Every line below must come back exactly as it stands, with the images omitted.

**GIVEN DATA**
___
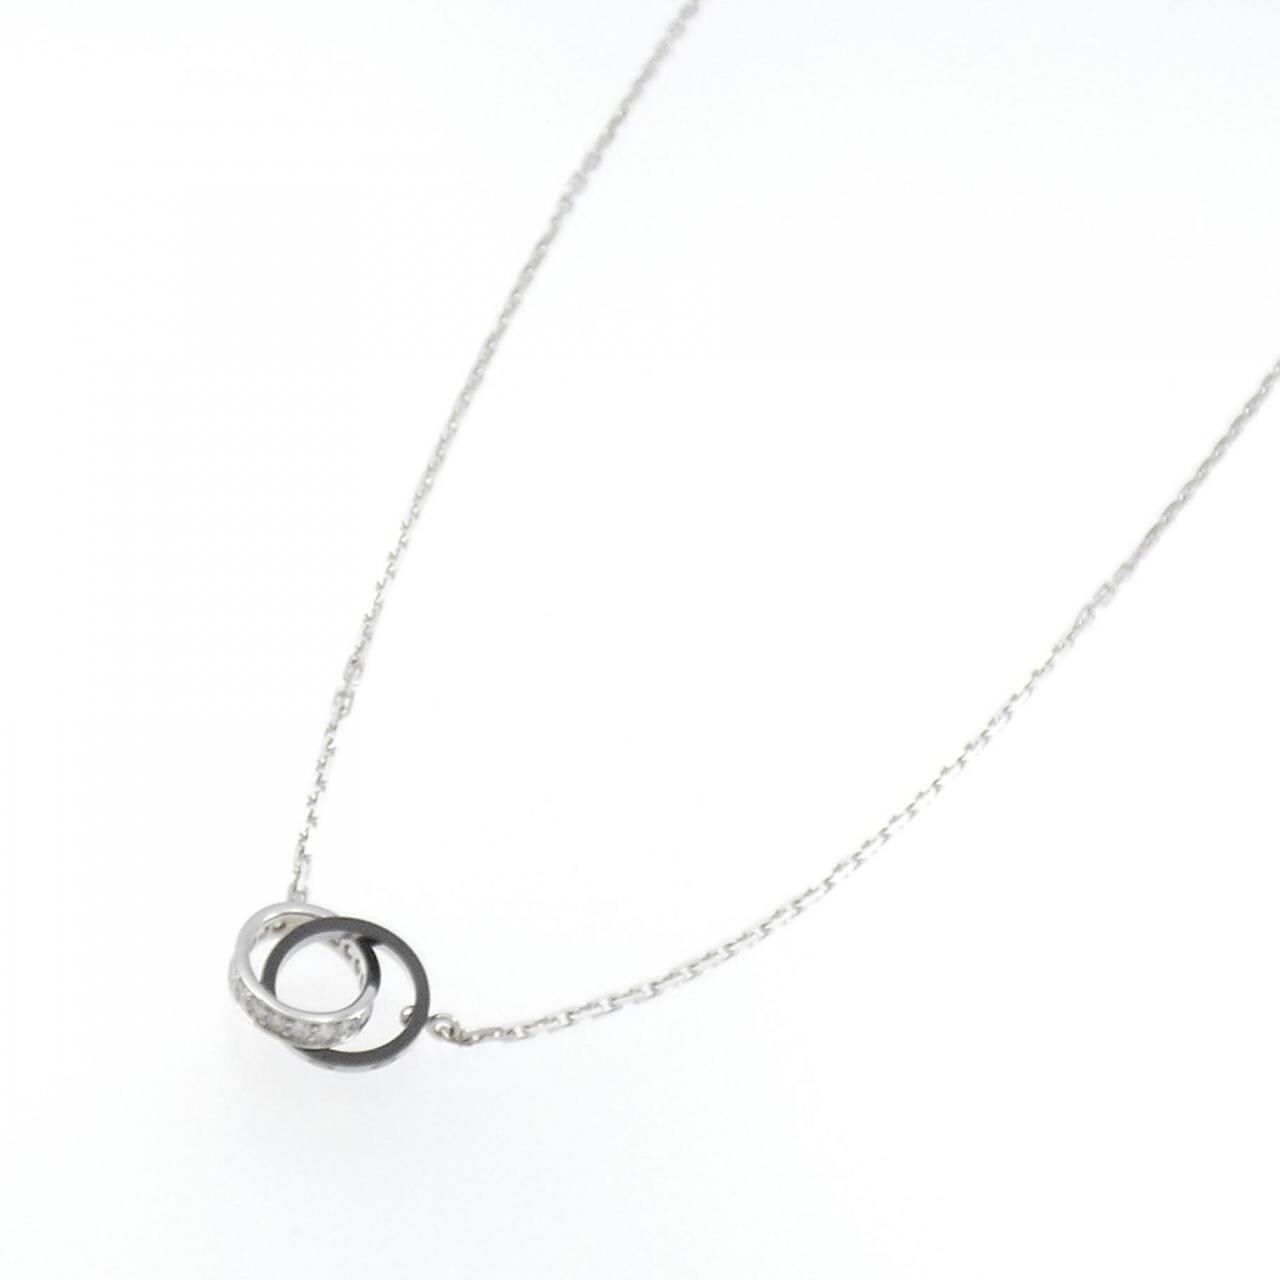 Cartier Baby Love 2008 X'mas Collection Necklace
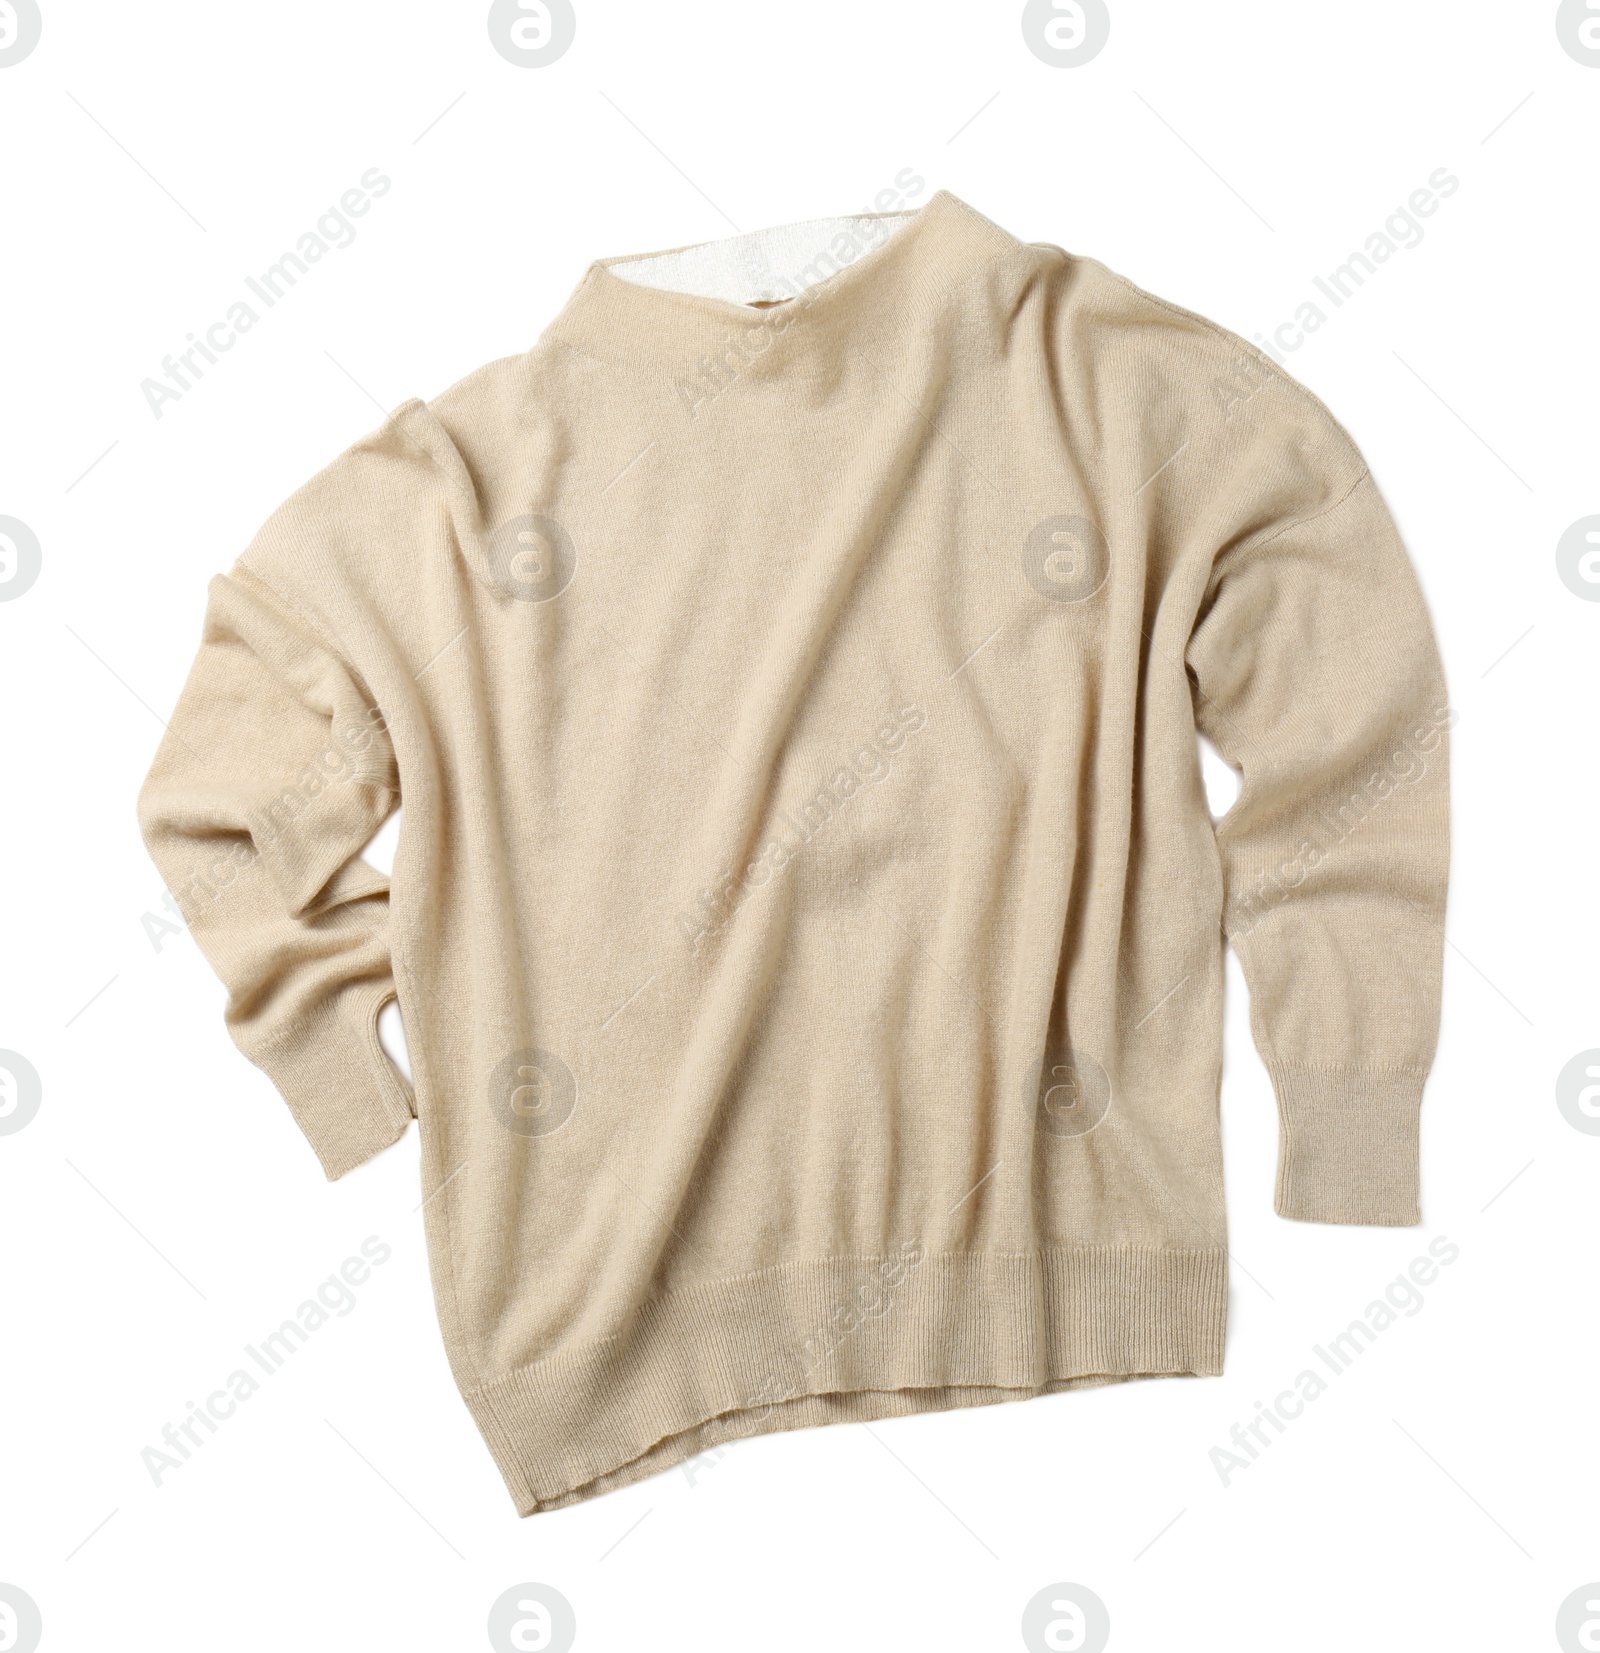 Photo of Cashmere sweater on white background, top view
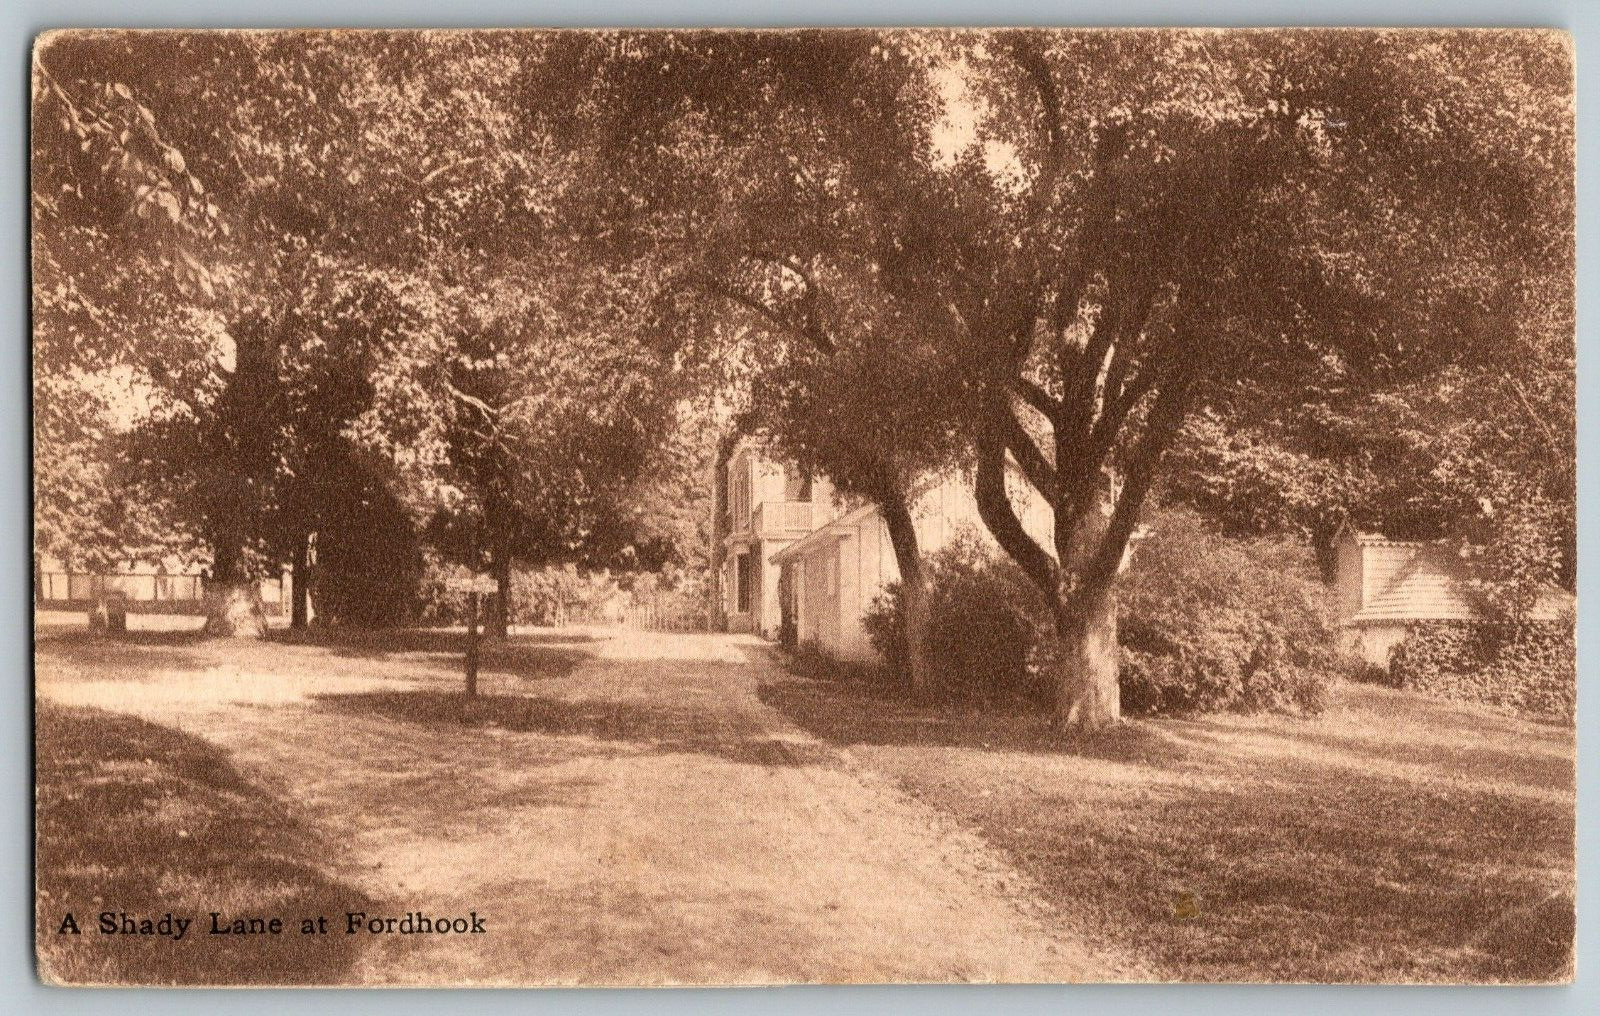 A Shady Lane at Fordhook - Vintage Postcard - Posted 1907
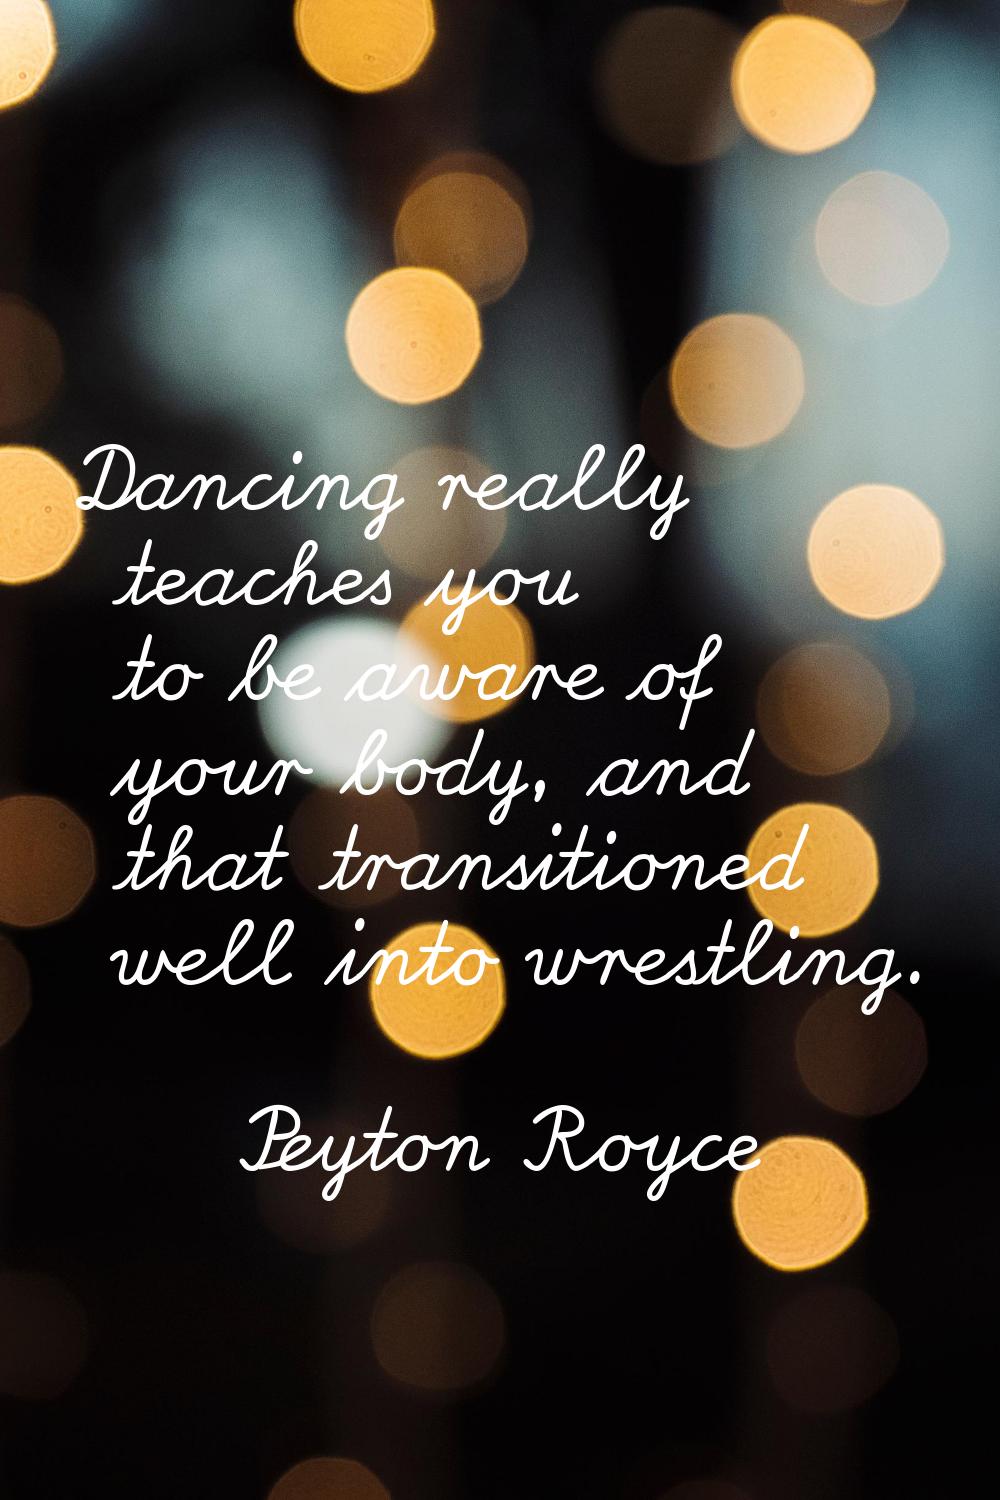 Dancing really teaches you to be aware of your body, and that transitioned well into wrestling.
___
**EXERCISE RESPONSE**
 Cartier Baby Love 2008 X'mas Collection Necklace
 Photo of Cashmere sweater on white background, top view
 A Shady Lane at Fordhook - Vintage Postcard - Posted 1907
 Dancing really teaches you to be aware of your body, and that transitioned well into wrestling.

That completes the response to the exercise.